§ **Dataset section**
------------------------

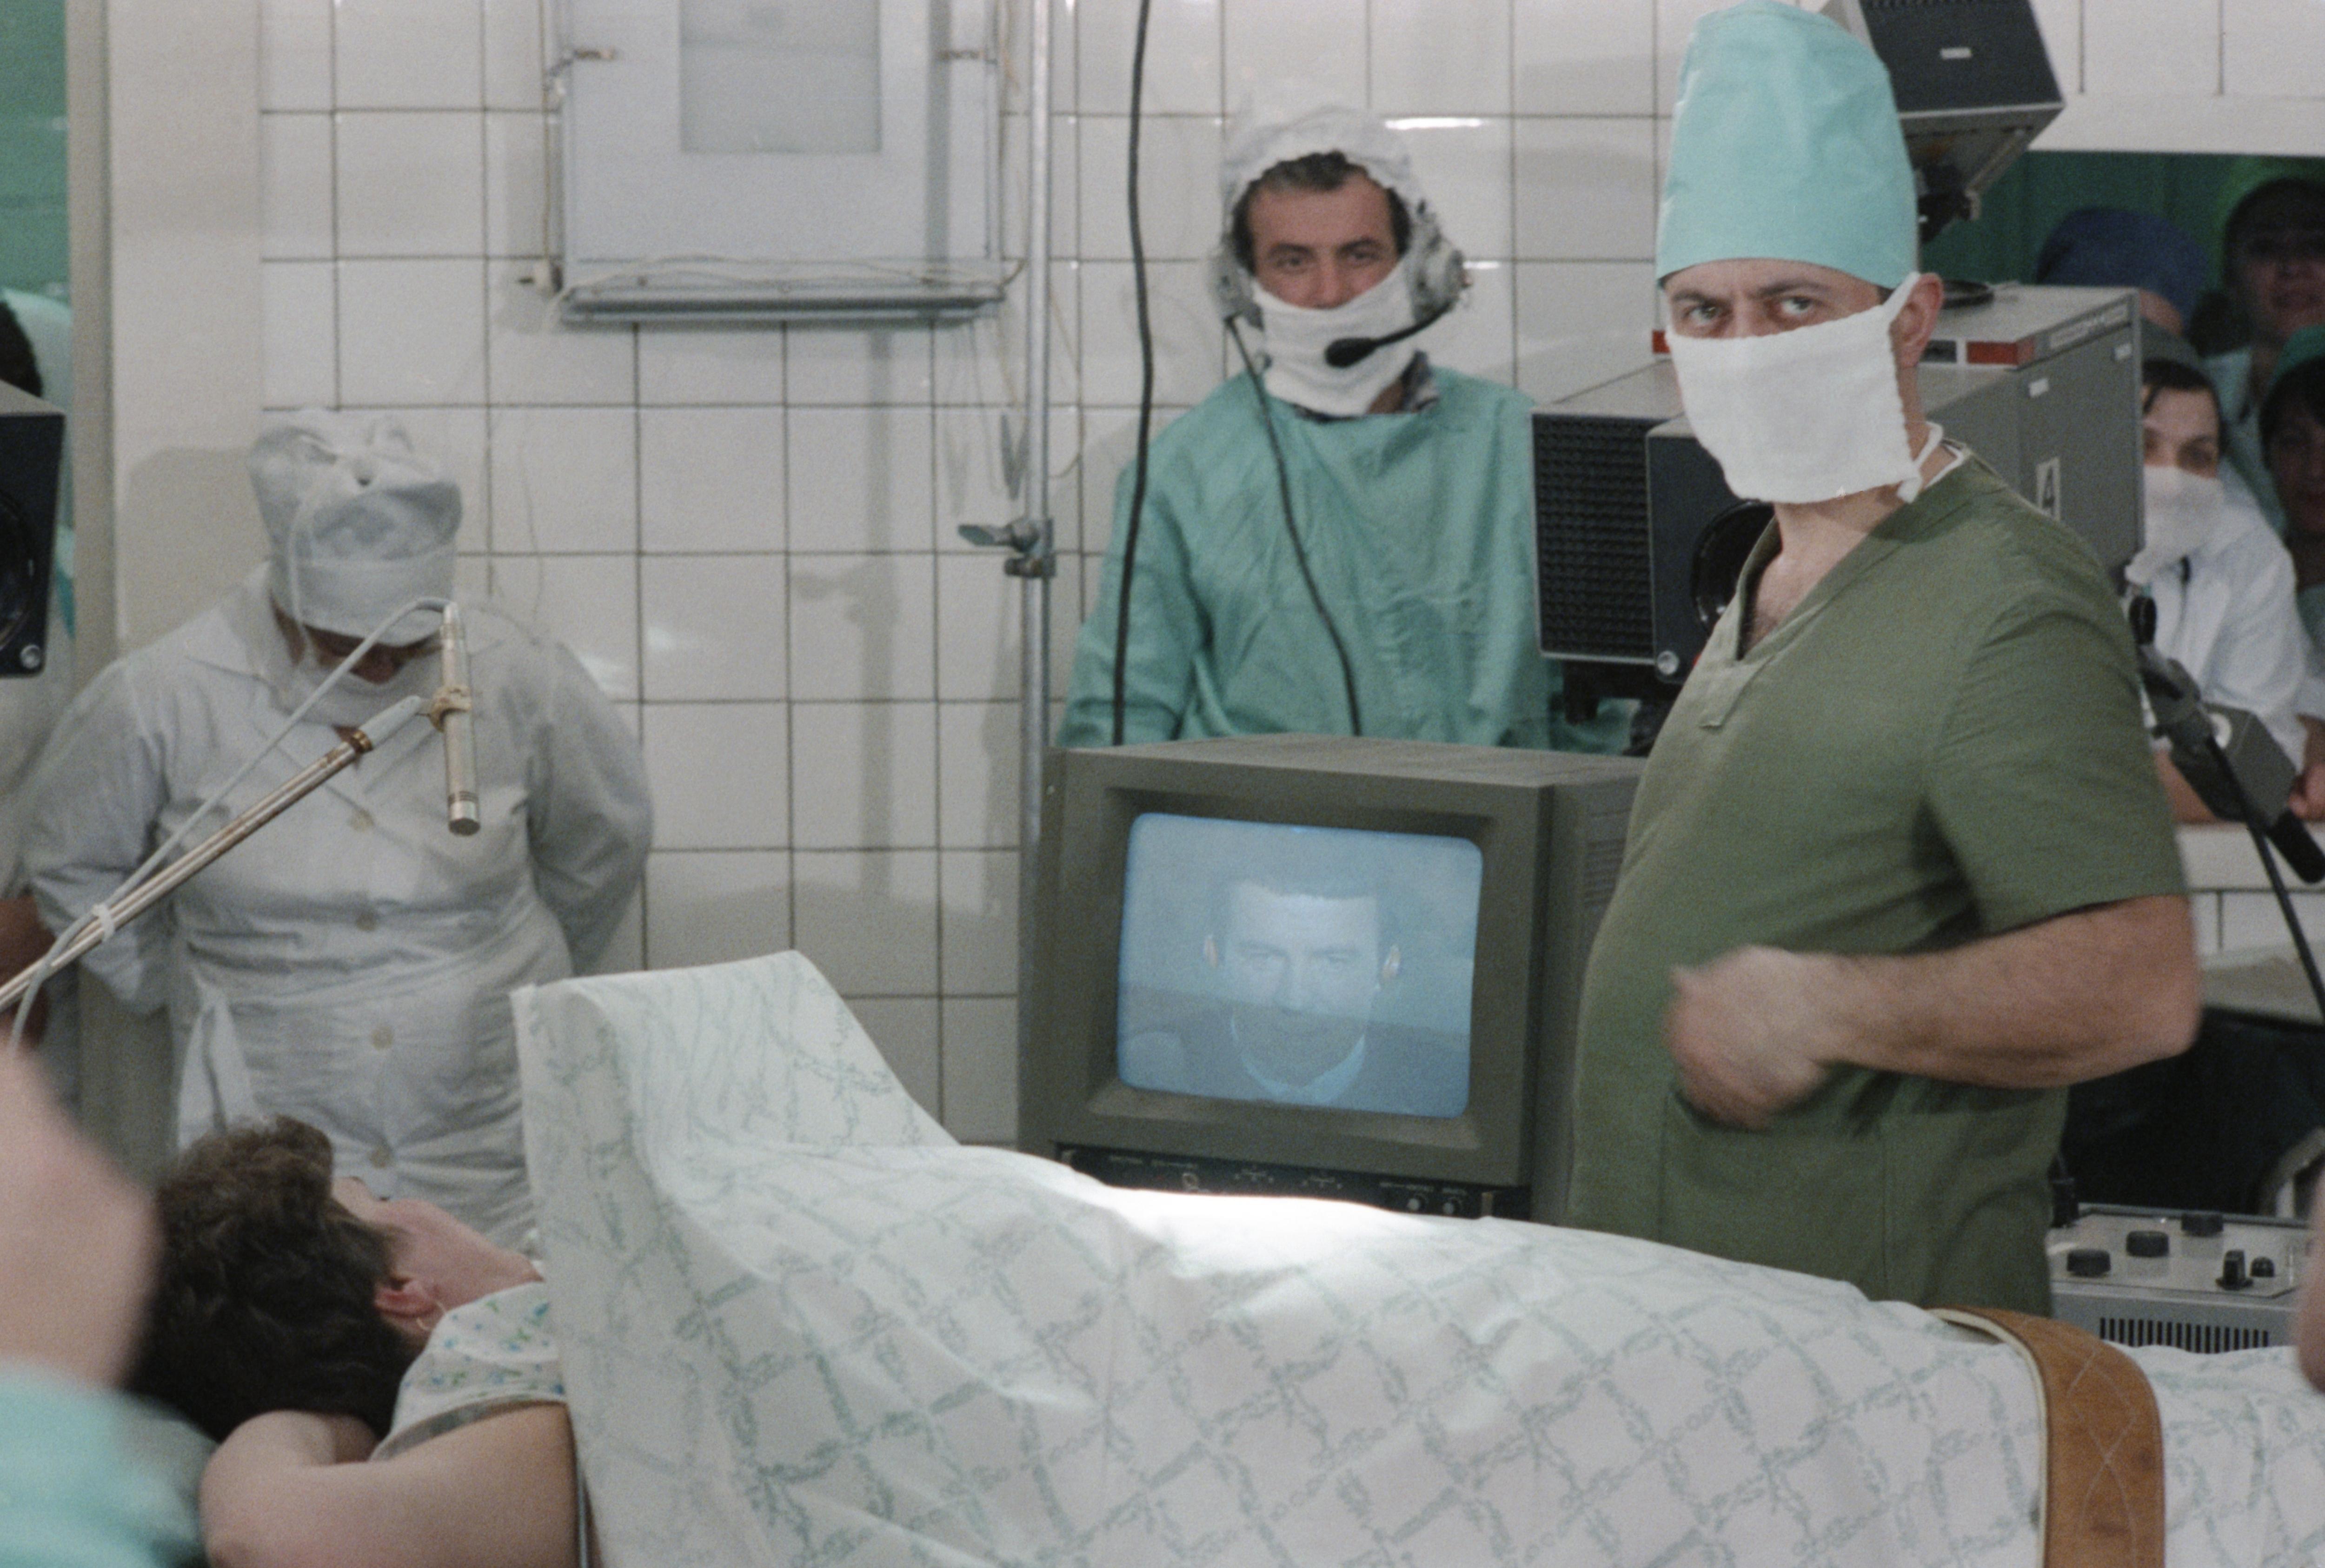 Обезболивание пациента дистанционно — один из нашумевших экспериментов Кашпировского. Фото © ТАСС
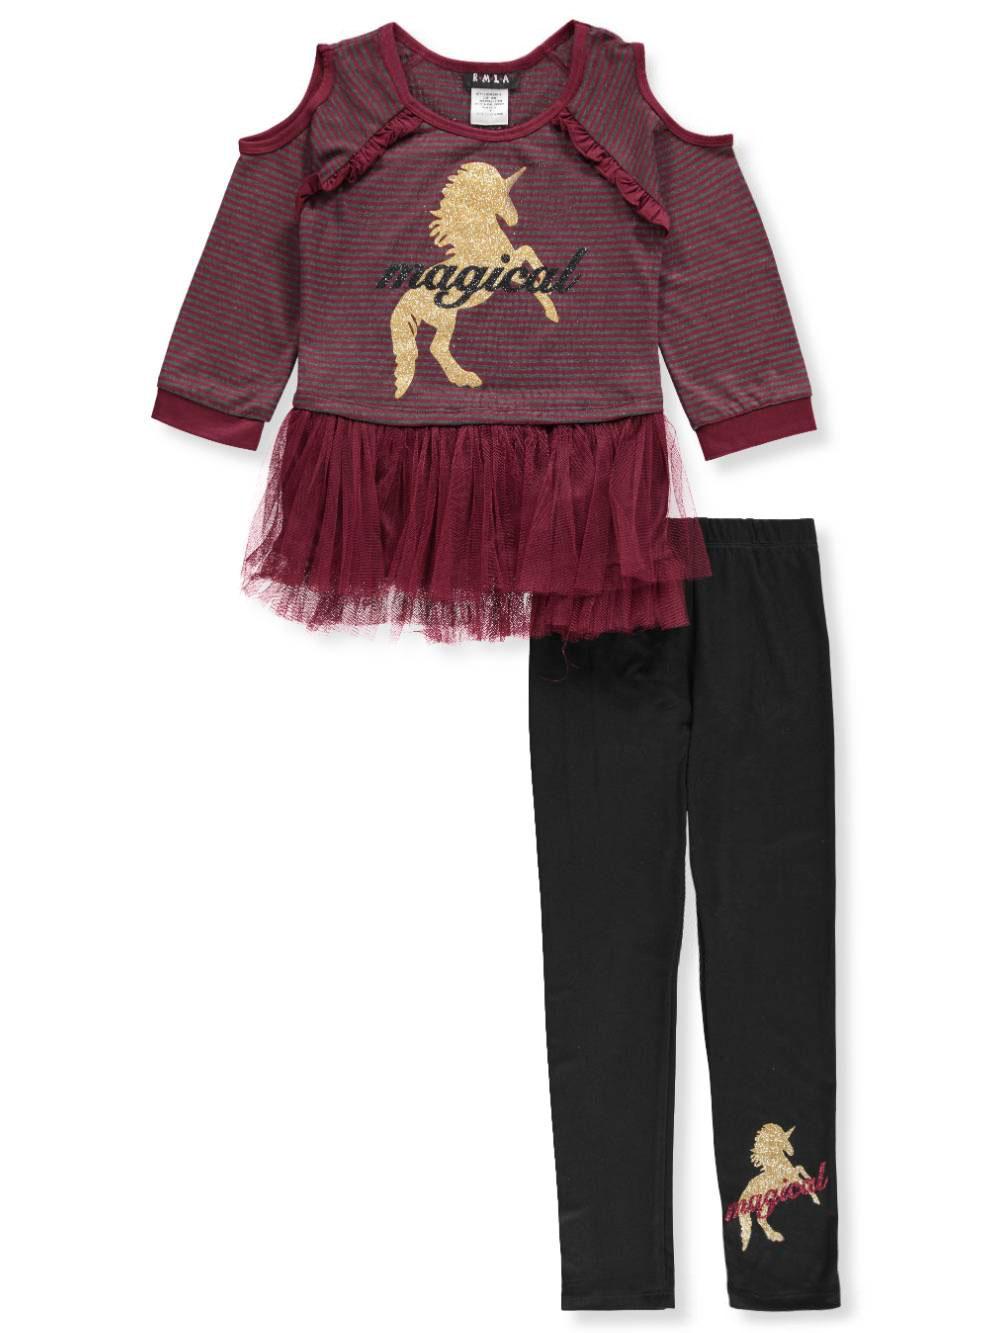 RMLA Girls Size 6 2-piece Legging Set
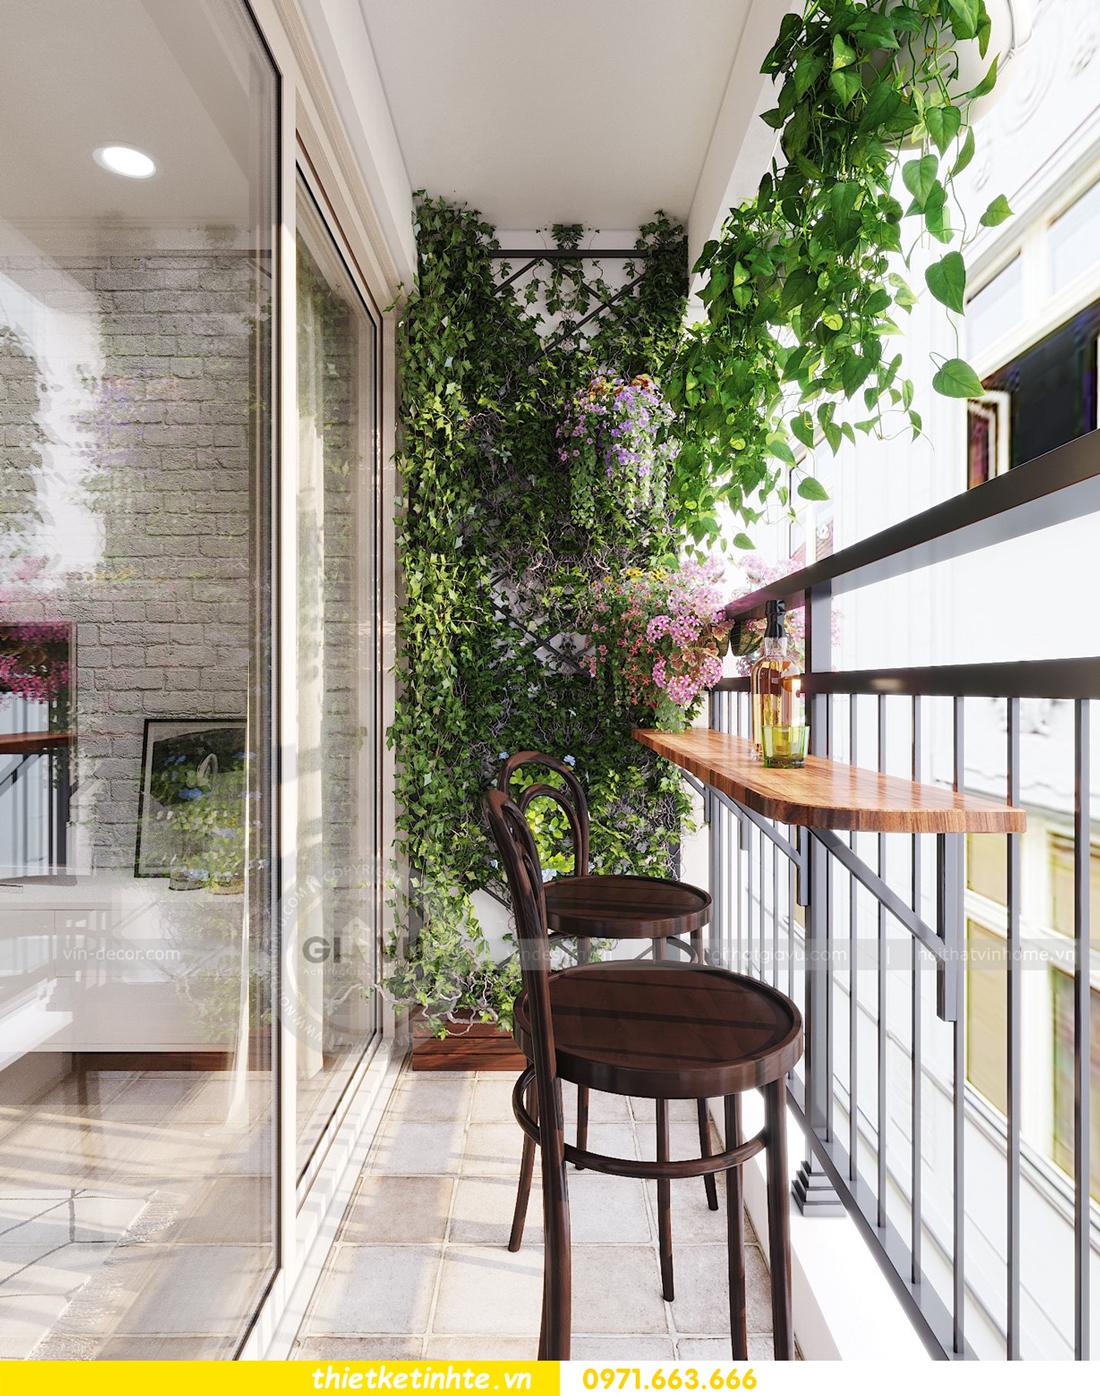 thiết kế nội thất căn hộ hiện đại anh bách chung cư Seasons Avenue 05
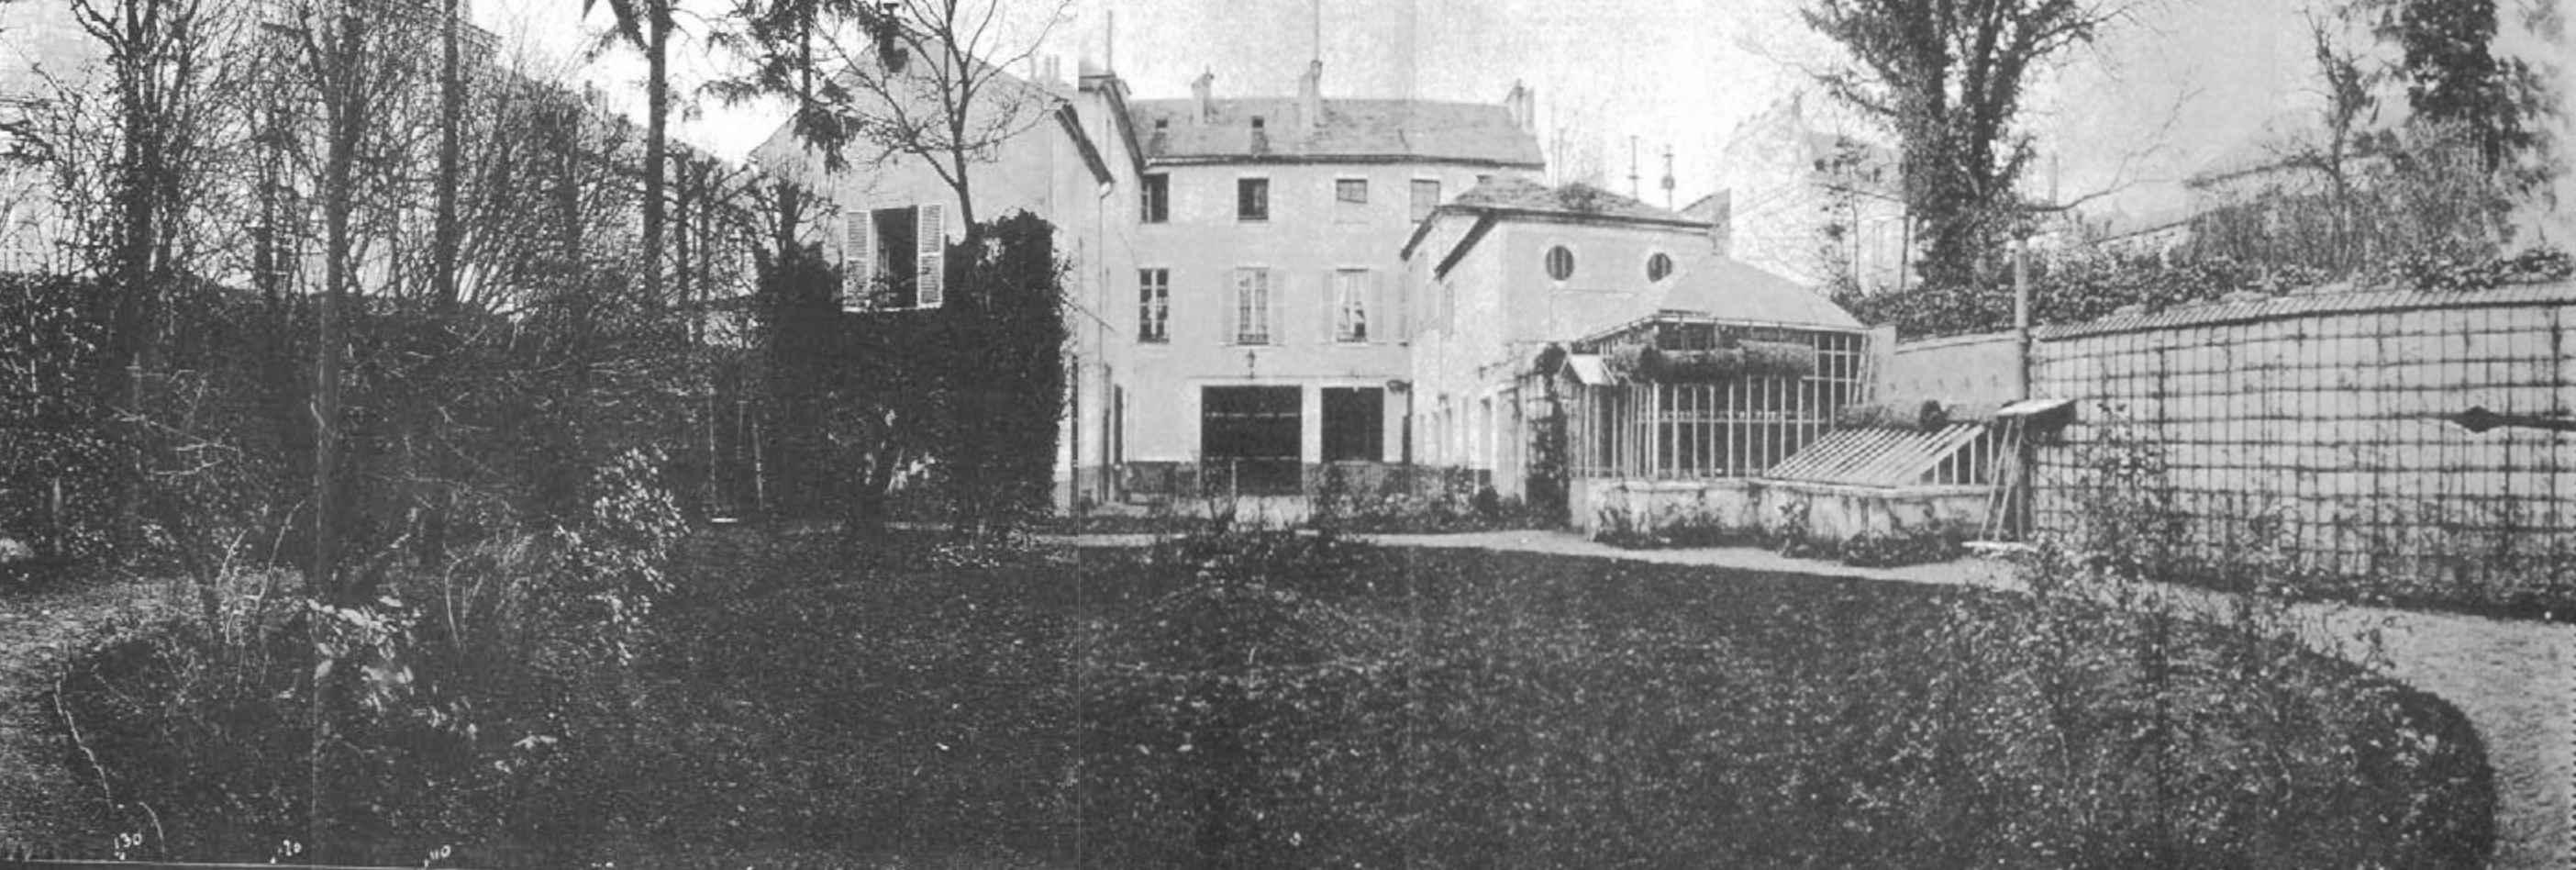 Alrededores de París. 1888. Fotografía de 140º tomada por Moëssard con su cilindrógrafo

------------------------

§ **Task brief**
The material above holds pictures; copy everything else in it exactly.

§ **Solution to the problem**
 Обезболивание пациента дистанционно — один из нашумевших экспериментов Кашпировского. Фото © ТАСС
 RMLA Girls Size 6 2-piece Legging Set
 thiết kế nội thất căn hộ hiện đại anh bách chung cư Seasons Avenue 05
 Alrededores de París. 1888. Fotografía de 140º tomada por Moëssard con su cilindrógrafo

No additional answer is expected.